[This is the headline over a report published yesterday on the BBC News website. It reads in part:]
A Libyan man accused of building the device used in the Lockerbie bombing has appeared in a US court as his lawyers attempt to stop his alleged confession being used as evidence at his trial.
The US Department of Justice claims Abu Agila Mohammed Mas'ud Kheir Al-Marimi, referred to as Masud, admitted taking part in the attack on Pan Am Flight 103 when questioned at a Libyan detention facility in 2012.
However, Masud has claimed the confession is false, was made under duress and should be ruled inadmissible before his trial in Washington DC later this year. (...)

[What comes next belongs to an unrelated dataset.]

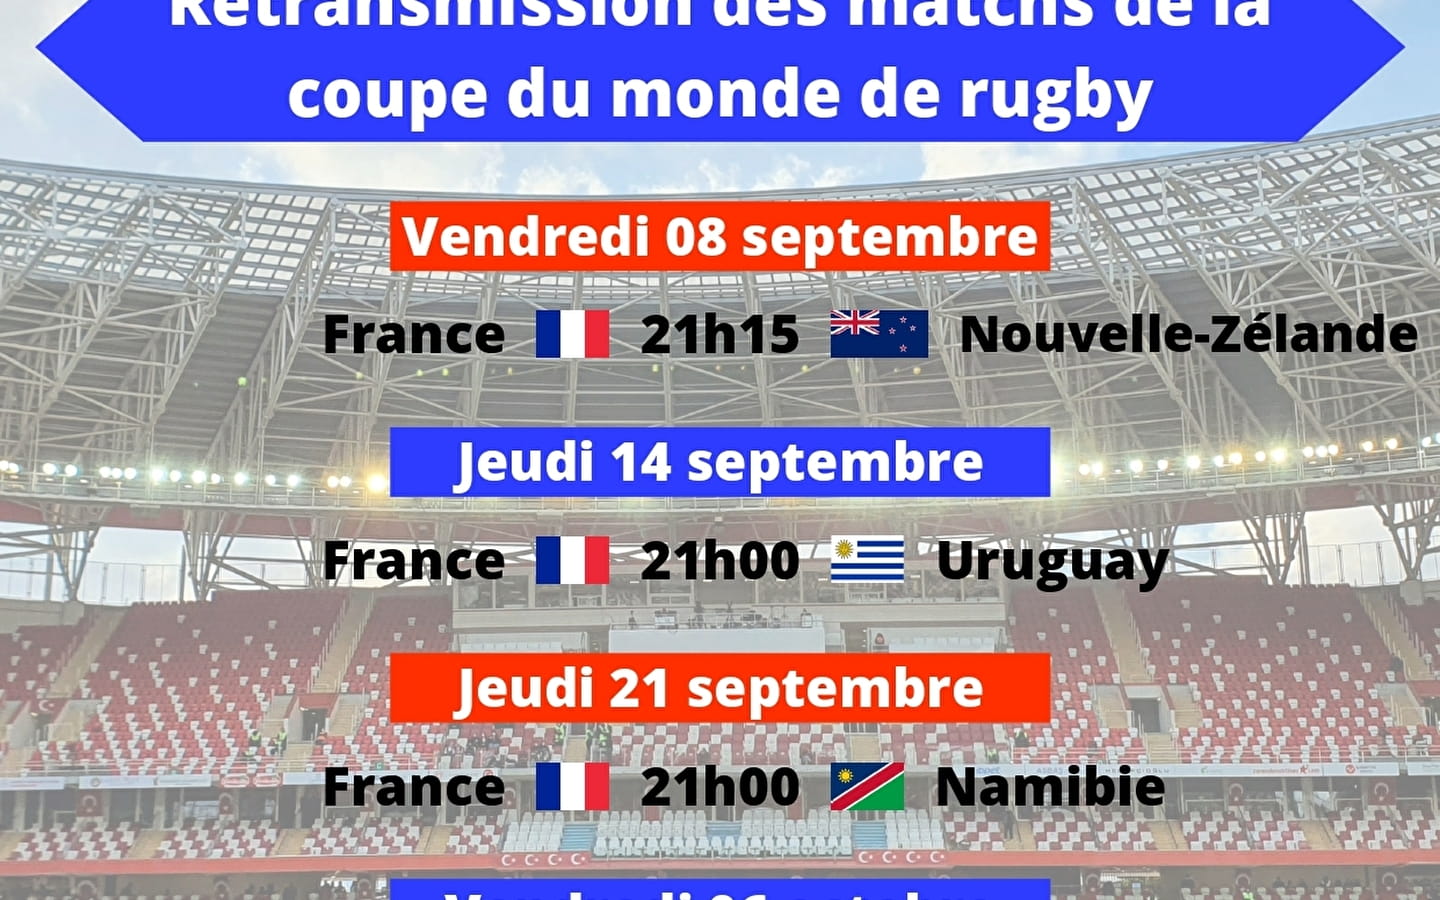 Broadcast of Rugby World Cup matches

Wearing a washed-out prison uniform and sporting a short grey beard, Masud listened as the hearing before judge Dabney L Friedrich got under way at the District Court for the District of Columbia on Wednesday. (...)
Details of Masud's alleged confession were first made public when the FBI criminal complaint against him was published in 2020.
It is claimed Masud admitted bombing the LaBelle Discotheque in West Berlin in 1986, killing three people, including two American servicemen.
He is also said to have further confessed to taking a bomb hidden in a suitcase from Libya to Malta in December 1988, under the orders of senior officials from the Libyan intelligence service.
There, he is alleged to have met two accomplices - Abdulbasset Al Megrahi, the Libyan agent convicted of bombing the plane after standing trial 25 years ago, and Al Amin Khalifa Fhimah, a former Libyan Arab Airline official who was cleared by the same Scottish court.
According to the confession, Masud set the bomb timer so the explosion would occur exactly 11 hours later, bought clothes to pack into the brown Samsonsite suitcase that held the device, and then handed it to Fhimah at Luqa airport on Malta the next morning.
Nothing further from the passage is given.